Sia in Rilke che in Kafka, la coppia canto/silenzio lacera quindi l'opposizione in cui è stata confinata. Anzi, il canto non è che un frangersi del silenzio, producendosi dal silenzio che ne abbraccia la possibilità (Cacciari) [2]. Le Sirene esprimono ancora la non contraddittorietà di canto e mente, l'ancora non assoluta alterità del canto rispetto all'intelletto; anche se “davvero Altro è la musica del canto rispetto a quella della mente, e tuttavia davvero quest'ultime vi appartiene, oltre ogni speranza di potervisi districare”.

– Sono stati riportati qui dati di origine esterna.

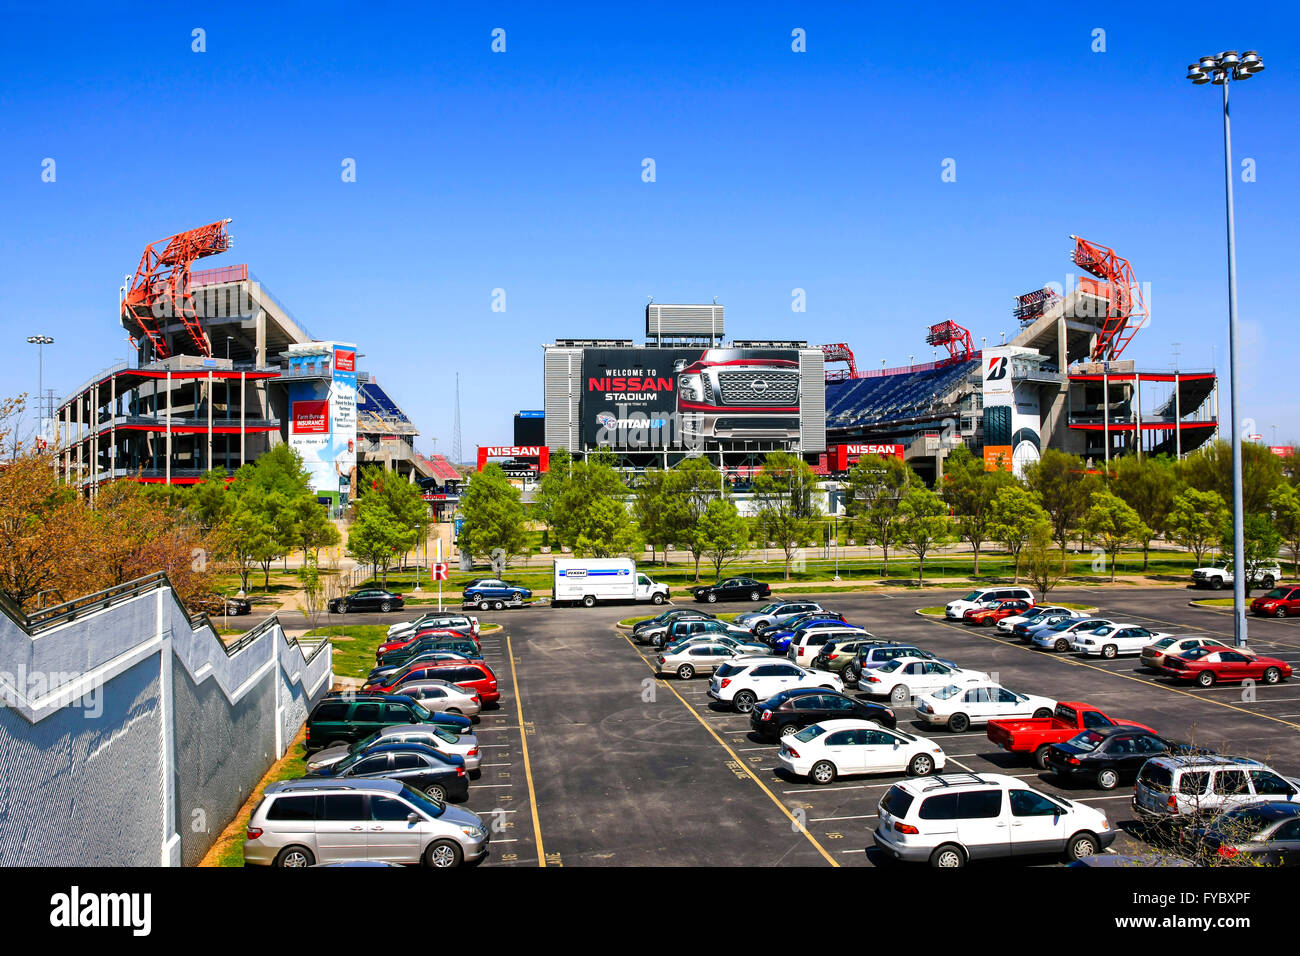 The Nissan Stadium in Nashville, home of the Tennessee Titans football team Stock Photo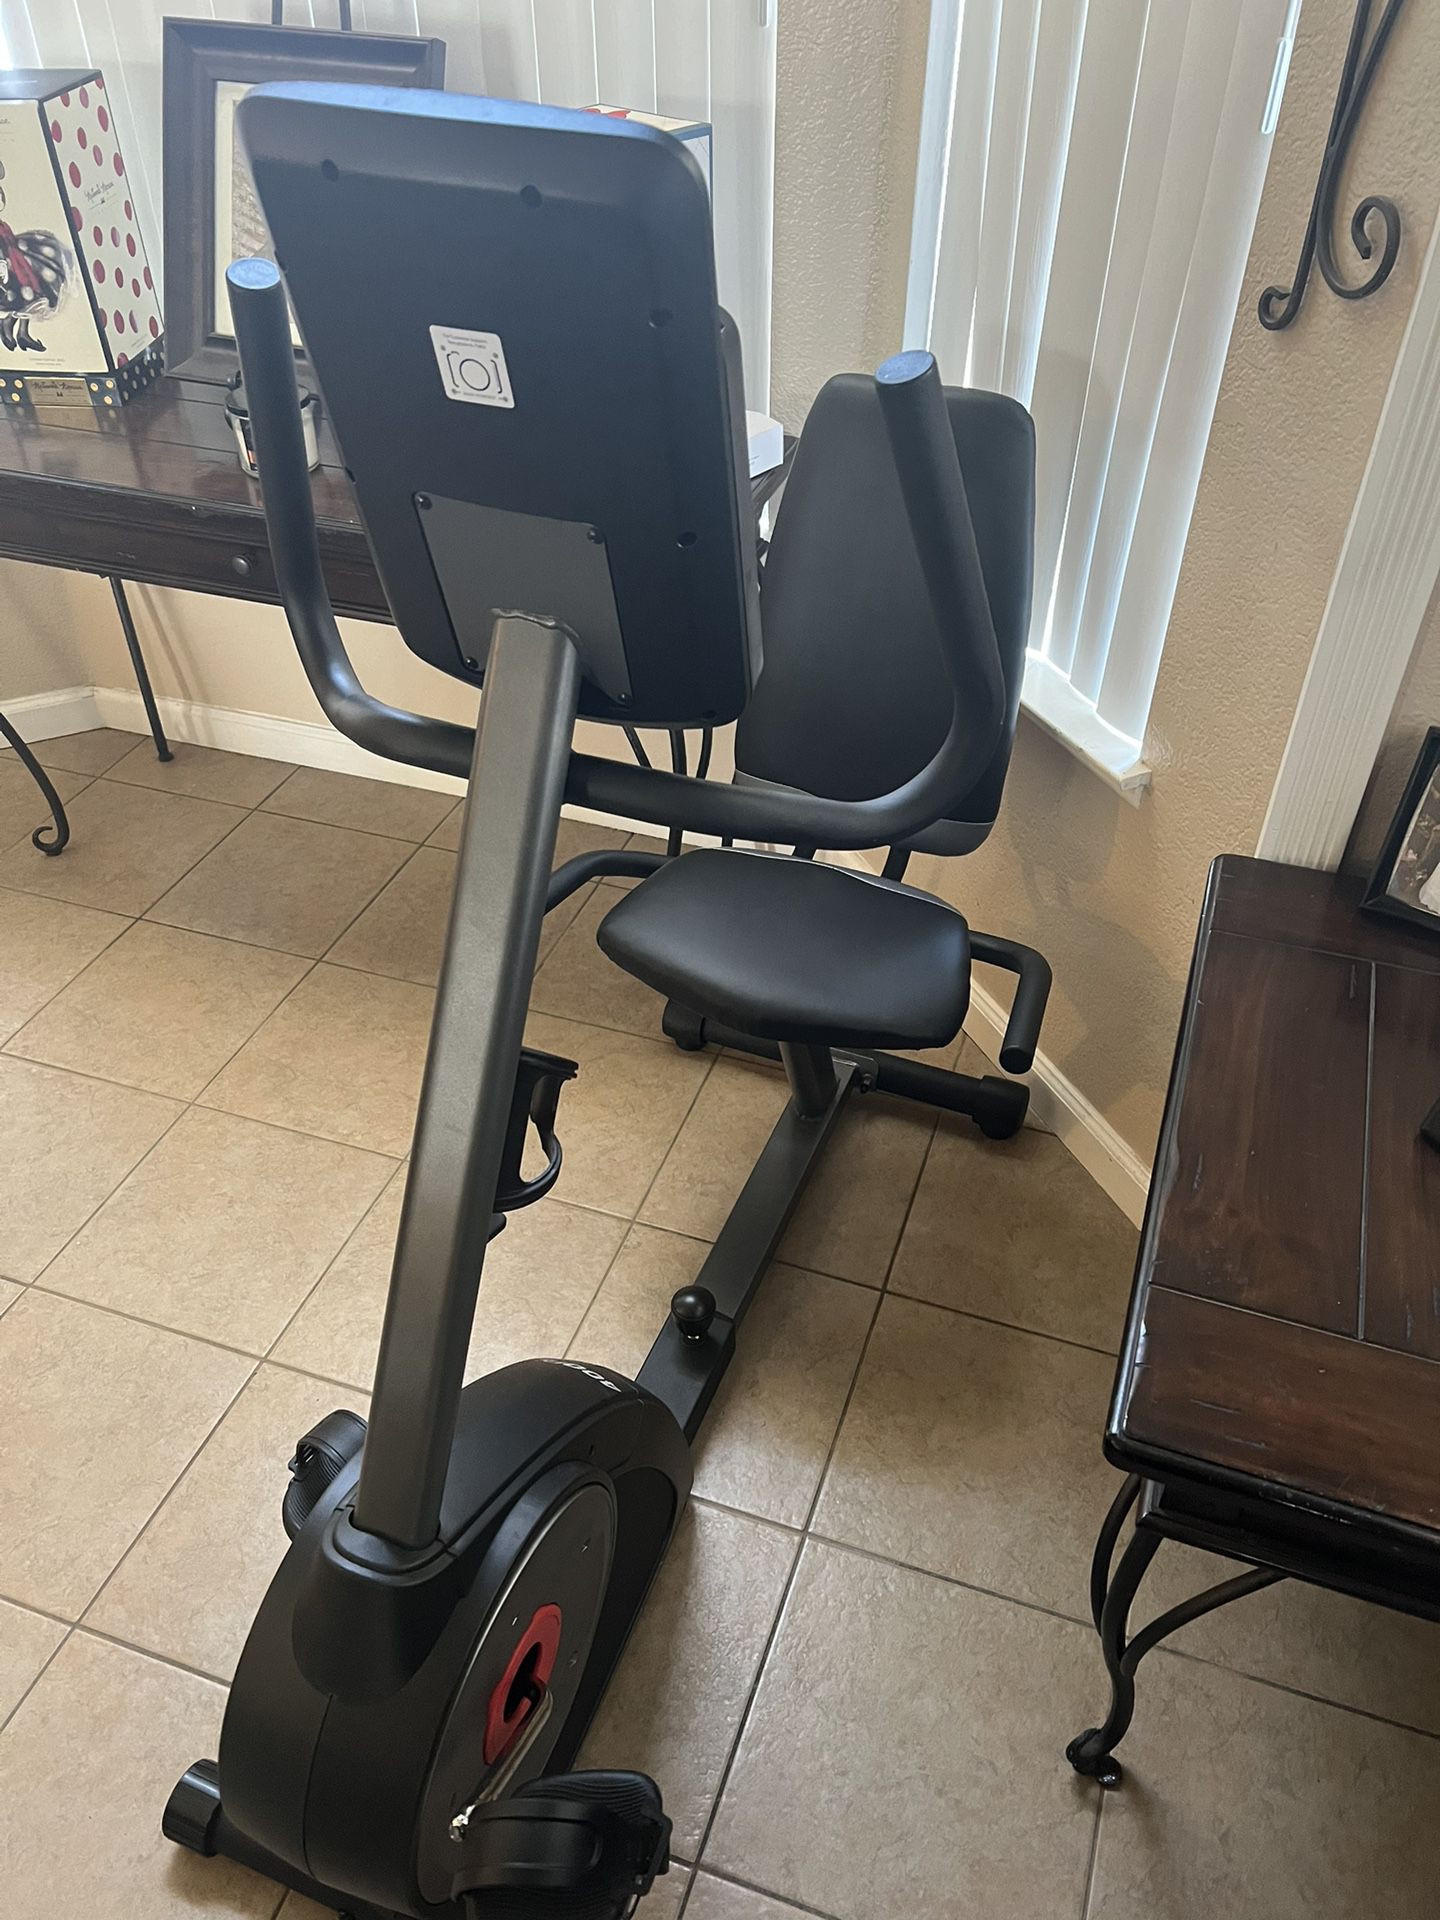 Exercise bike special for knee therapy

L'alternativa non è quindi tra il loro canto ed il nous, ma tra il puro nous ed uno contaminato dal canto. Al quale Ulisse, campione della razionalità occidentale, rinunzia.
Perché il silenzio è un'arma ancor più pericolosa del canto? Scrive Kafka in una lettera a Milena: “Cerco sempre e ancora di comunicare qualcosa di non comunicabile, di spiegare qualcosa d'inspiegabile, di raccontare qualcosa che ho nelle ossa e di cui soltanto in queste ossa si può fare esperienza”.

Si tocca così il tema dell'irrapresentabile, dell'ineffabile, dell'inesprimibile. Quel che è dietro e oltre la rappresentazione. Un tema delicato e impervio, disseminato di trappole, per non cadere nelle quali mi fermo.

Kafka accenna dunque a qualcosa di silenzioso, che non può venir detto. Proprio per questo il silenzio è più forte del canto e del dire.

Lo scrivere è un tentativo di dar conto di quel qualcosa.

Rilke aveva compreso che una conoscenza  tutta rimessa alla vista, eletta a strumento principe della nostra appropriazione del mondo, ci consegna ad un'illusione di dominio. Piuttosto, non guardare solo le cose, ma  toccarle e viverle, e soprattutto ascoltarle; presupponendo una loro voce, un equivalente acustico della forma, attraverso cui i fenomeni si offrono ad un nostro senso minore. Che deve sforzarsi, per udirle, se e quando parlano.

Perché le cose, come le Sirene, spesso tacciono.Grazie a Rilke e a Kafka siamo di nuovo riconoscenti alle Sirene; anche se non risuona più il loro canto, riecheggia ancora – per chi sa udirlo – il loro silenzio.

22:06
17 novembre 2009


admin

Amministratore

messaggi3520

Ti ringrazio, Rose, per questo percorso nell' immaginarip, dal mito al suo specchiarsi nel reale – priezione della mente: percorso esaustivo e del tutto coinvolgente.

…di quell'isole


la cui vista fa sì che muti volto

il pericolo, e non è più nel rombo,

non nel tumulto come sempre era;

ma senza suono assale i marinai


i quali sanno che là su quell'isole

dorate qualche volta s'ode un canto,

ed alla cieca premono sui remi,

come accerchiati


da quel silenzio che tutto lo spazio

immenso ha in sé e nelle orecchie spira

quasi fosse la faccia opposta del silenzio

il canto cui nessun uomo resiste…

da: L' Isola delle sirene in Nuove Poesie di R. M. Rilke

dmk

22:17
17 novembre 2009


Rose

Ospite

Hai trovato il passaggio di Rilke! Molto bello. Kiss

Ho pensato che questo brano di Luciano De Fiore fosse interessante e l'ho suddiviso ed evidenziato alcune cose, per renderlo più fruibile. Questi docenti universitari scrivono tutto fitto fitto. Surprised

23:00
17 novembre 2009


sandra

Ospite

Il silenzio, come il 'non detto' della poesia, può essere carico di significati.

23:26
17 novembre 2009


Manfredi

Ospite

ho sempre pensato che il silenzio abbia una voce altissima.